官方网址:http://clic.cimec.unitn.it/composes/sick.html
SICK是Sentences Involving Compositional Knowledge 的首字母缩写
SICK数据集包含一万个英语句子对, 来自于两个已经存在的paraphrase数据集:
一个是8k imageFlickrbuilt, (http://nlp.cs.illinois.edu/HockenmaierGroup/data.html)
另一个是SEMEVAL-2012的语义文本相似度视频描述数据集 (http://www.cs.york.ac.uk/semeval-2012/task6/index.php?id=data).

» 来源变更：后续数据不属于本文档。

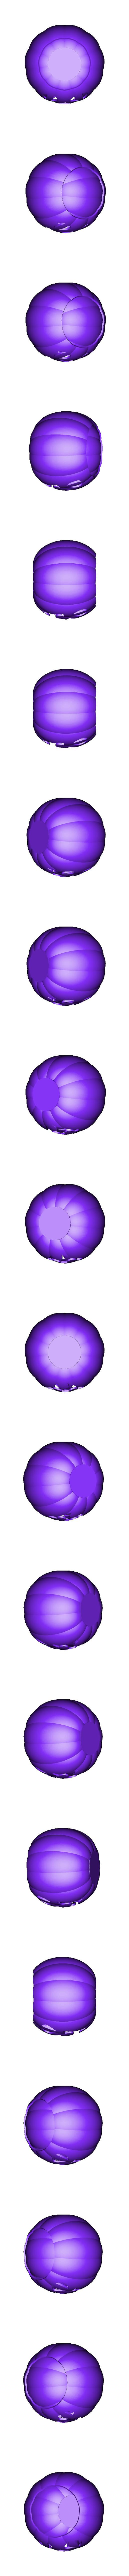 Jack-O-Lantern Base Funny Face.stl Télécharger fichier STL Visage drôle de la lanterne Jack-O'-Lanterne • Objet imprimable en 3D, abbymath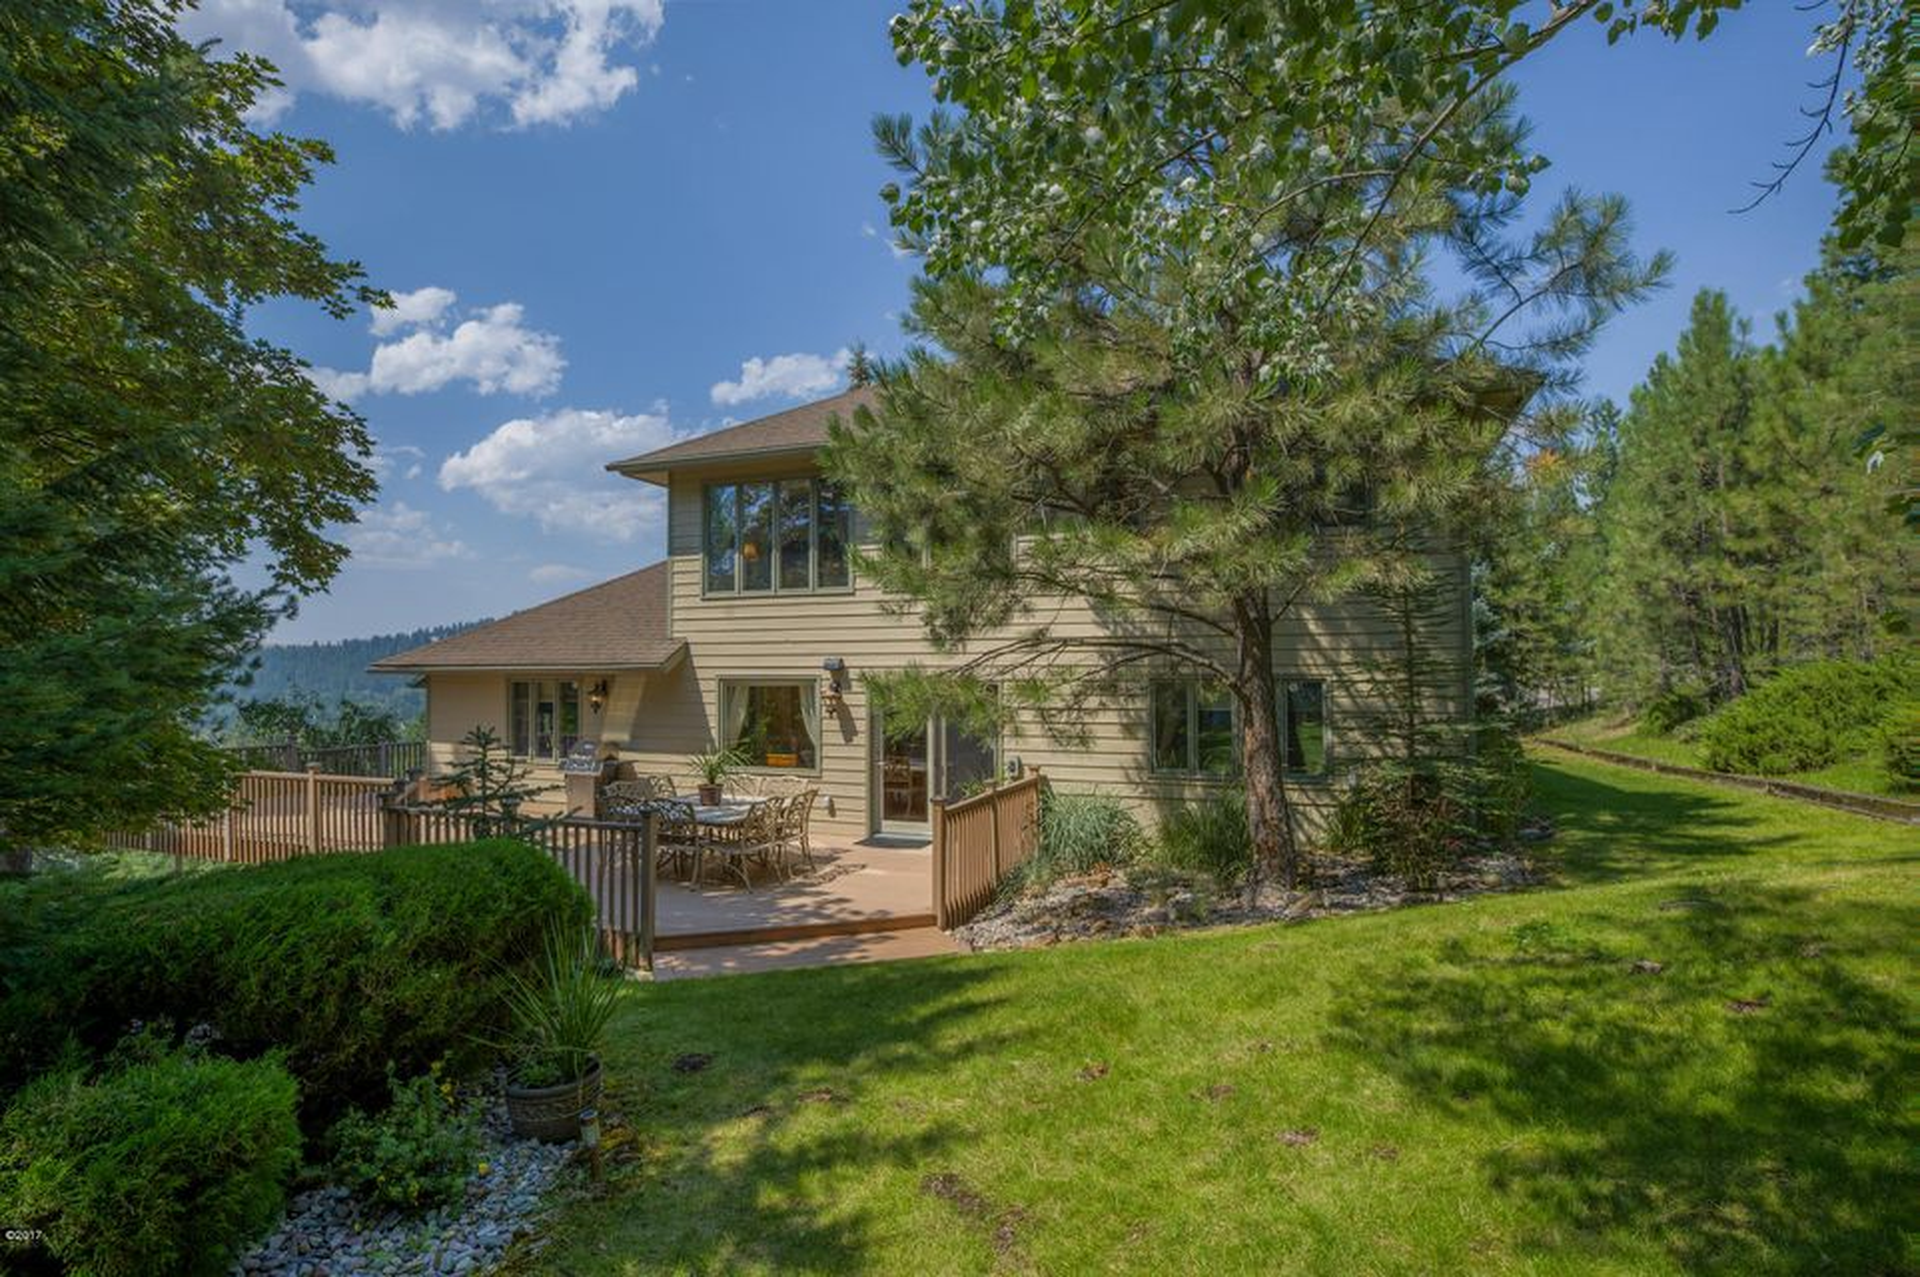 Single Family Home for Sale at 1275 Starwood Drive Missoula, Montana 59808 United States

每个句子对按照含义的关系标注以及两者的蕴含(entailment)关系标注
SICK 的发布遵照以下协议:
Creative Commons Attribution-NonCommercial-ShareAlike 3.0
Unported License (http://creativecommons.org/licenses/by-nc-sa/3.0/deed.en_US)
在发布的研究中应用SICK时,请应用:
M. Marelli, S. Menini, M. Baroni, L. Bentivogli, R. Bernardi and R. Zamparelli. 2014. A SICK cure
for the evaluation of compositional distributional semantic models. Proceedings of LREC 2014,
Reykjavik (Iceland): ELRA.
SICK数据集用于SemEval 2014 - Task 1:
Evaluation of compositional distributional semantic models on full sentences through semantic relatedness and textual entailment
文件结构: tab分割的文本文件
各个域的定义:
- pair_ID: 句子对ID
- sentence_A: A句
- sentence_B: B局
- entailment_label: 文本蕴含关系的标注(gold truth/ground truth) (NEUTRAL, ENTAILMENT, or CONTRADICTION)
- relatedness_score: 语义关系度的标注分数 gold score (on a 1-5 continuous scale)
- entailment_AB: A到B的蕴含关系entailment for the A-B order (A_neutral_B, A_entails_B, or A_contradicts_B)
- entailment_BA: B到A的蕴含关系entailment for the B-A order (B_neutral_A, B_entails_A, or B_contradicts_A)
- sentence_A_original: 导出句子A的原始句子original sentence from which sentence A is derived
- sentence_B_original: 导出句子B的原始句子original sentence from which sentence B is derived
- sentence_A_dataset: 句子A的来源数据集dataset from which the original sentence A was extracted (FLICKR vs. SEMEVAL)
- sentence_B_dataset: 句子B的来源数据集dataset from which the original sentence B was extracted (FLICKR vs. SEMEVAL)
- SemEval_set: set including the sentence pair in SemEval 2014 Task 1 (TRIAL, TRAIN, or TEST)